7.3   Implementation Effort

To compare implementation efforts, we have only a limited amount of data available. Though, for the execution-based approach, in the ideal case, one needs to merely add tags to AST nodes and implement a few small methods. Adding tags is as simple as implementing a hasTag(tag) method, returning true for the four tags to indicate declarations, calls, reads, and writes on the relevant nodes. One may argue that the APIs for debugging and language interop are already implemented for the other desirable functionality. Thus, the effort is minimal.

To assess the implementation size, we use cloc version 1.92, and report the number of lines of code (LOC).

For SimpleLanguage, we estimate that the implementation of the interop and debugging APIs is about 454 LOC. This is an estimate, since there is in some cases not a clear separation, and we simply counted all lines of code of the classes SLObject, SLFunction, SLLanguageView, and SLType, which are dominated by the debugging and interop APIs.

In comparison, the language-specific code for our parse-based approach is 491 LOC for SimpleLanguage, 920 LOC for SOM, and 711 LOC for Newspeak.

Much of it is however boilerplate.
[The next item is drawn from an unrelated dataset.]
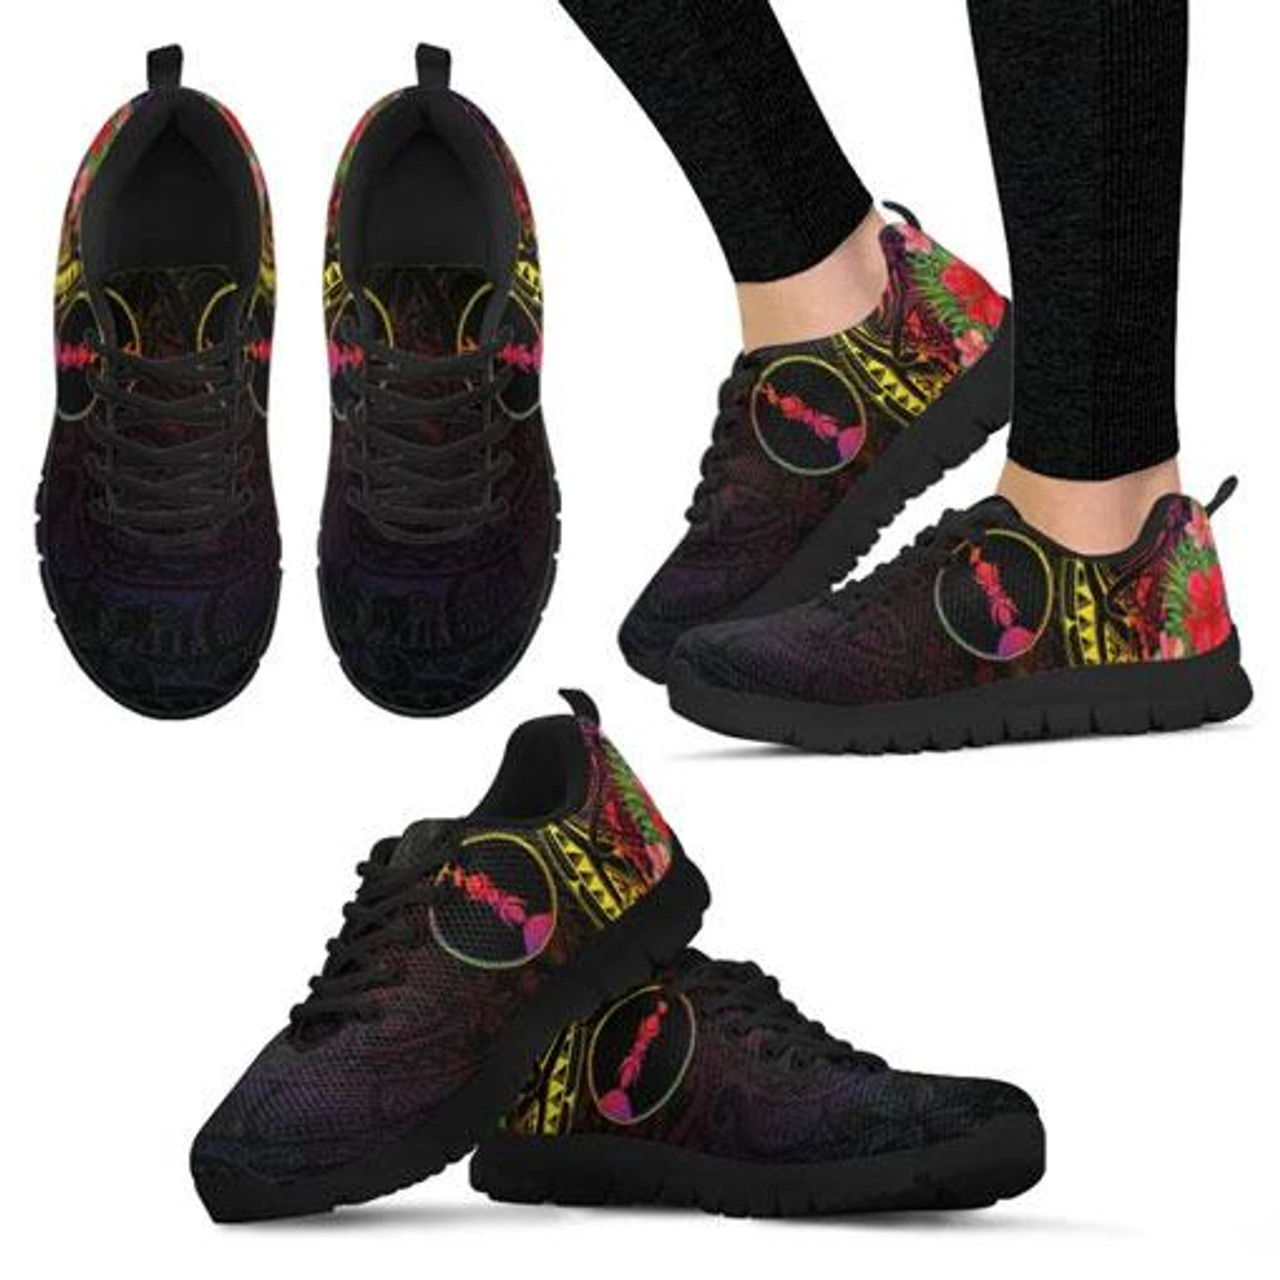 New Caledonia Sneakers - Tropical Hippie Style 4

For SimpleLanguage, considering only the parser subclass, our custom node factory, and the token listener, all information is collected with merely 320 LOC. In the SOM implementation, the main code is in the parser and lexer subclasses, which add up to 472 LOC. For Newspeak, we only needed to subclass the parser, which amounts to 473 LOC. The other code is boiler plate, equal() and hashCode() methods for element ids, as well as conversion functions from one representation of a lexical position to another.

To provide a rough comparison, we sampled 20 language server implementations from the LSP wiki, for languages we had heard of before. The goal here is to gain an intuition of how our numbers compare to ad hoc language server implementations. Note, these numbers are not well-defined baseline for comparison, since these servers can spent arbitrary amounts of effort on better analysis and more precise results and support different sets of LSP features, which we did not access here. Comparing against the execution-based approach provides are more well-defined baseline.
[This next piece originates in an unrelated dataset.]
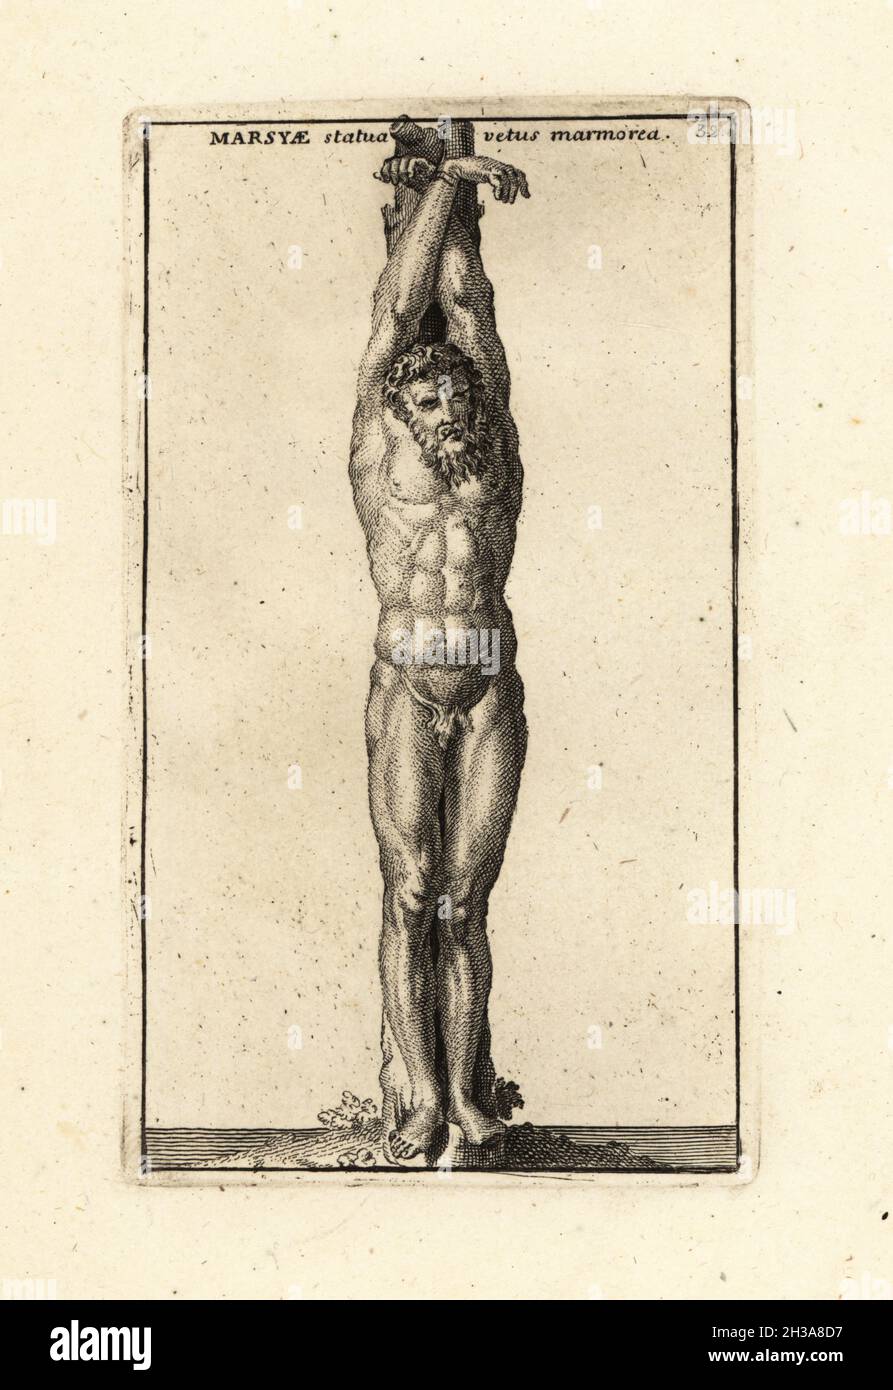 Statue of the satyr Marsyas tied to a tree and flayed alive after a music battle with Apollo. Roman copy from a Greek original of the 4th century BC, now in the Capitoline Museums. Marsyae statua vetus marmorea. Copperplate engraving by Giovanni Battista Cannetti from Copperplates of the most beautiful ancient statues of Rome, Calcografia di piu belle statue antiche a Roma, engraved by Cannetti all'Arco della Ciambella, published by Gaetano Quojani, Rome, 1779. Stock Photo

Taking the latest version of the git repositories, removing tests and configuration files, and measuring the LOC, we find the smallest language server to be 1,577 LOC and the largest one 95,878 LOC, Microsoft’s deprecated open source Python language server.44Microsoft’s current PyLance Python Language Server is closed source, and not available for comparison. The mean is 18,985 LOC and the median 12,055 LOC. Some repositories contain however also the language server protocol implementation itself, making the numbers appear somewhat larger.

Overall, we observe that with our approach, a language server is about an order of magnitude less code, while providing the most widely used IDE features.

8   Discussion

The focus so far was on the specific IDE features, though there are a number of other concerns worth discussing, including language built-ins, polyglot code bases, various limitations, as well as how practical batch parsers are from the perspective of performance.
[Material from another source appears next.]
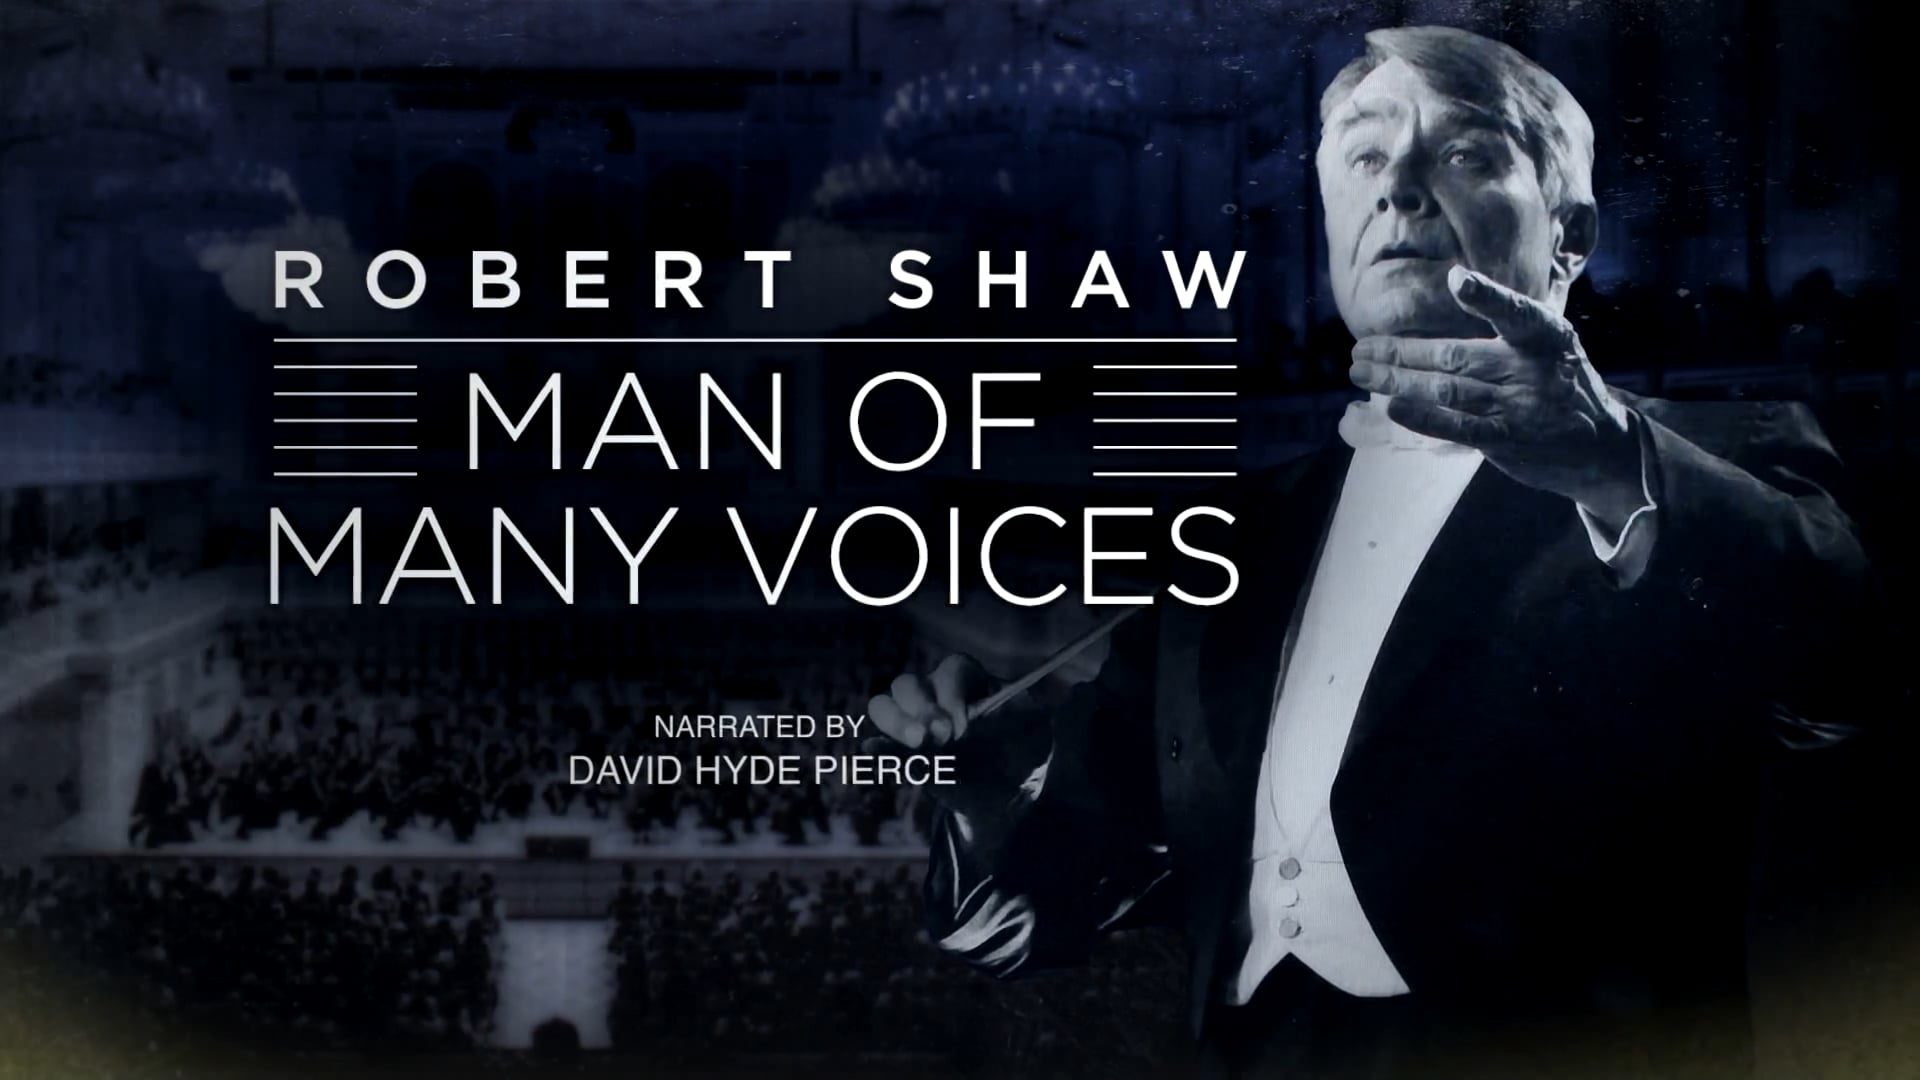 Robert Shaw: Man of Many Voices Trailer

Recognizing Built-Ins. The execution-based approach is implicitly able to capture all functions that are built into a language implementation, since they are announced via Truffle’s standard instrumentation mechanisms.

However, with our approach, we require the information to be given via our proposed API. This means built-ins are often not directly represented. In the case of Newspeak and SOM, we already collected the built-ins for other tooling, and they were readily available. Though, for SimpleLanguage we only used the ANTLR grammar, which means, this information is not directly available, but can be provided manually.

Support for Polyglot Code Bases. One of the notable features of the Truffle and GraalVM ecosystem is its support for polyglot programming. As already noted by Stolpe et al. [2019], the language server has immediate support for it, simply be virtue of using the language interop API [Grimmer et al. 2018] to obtain the needed information.

In our parse-based approach, this is not considered directly. Even with the three languages supported, it does not work out of the box to get for instance code completion proposals from the other languages.

To support it, we could take inspiration from Truffle’s interop approach and add abstract methods on ElementId such as isExecutable() and isMemberReadable() for which languages can then indicate whether an element is suitable, for instance as candidate for code completion given the current lexical context.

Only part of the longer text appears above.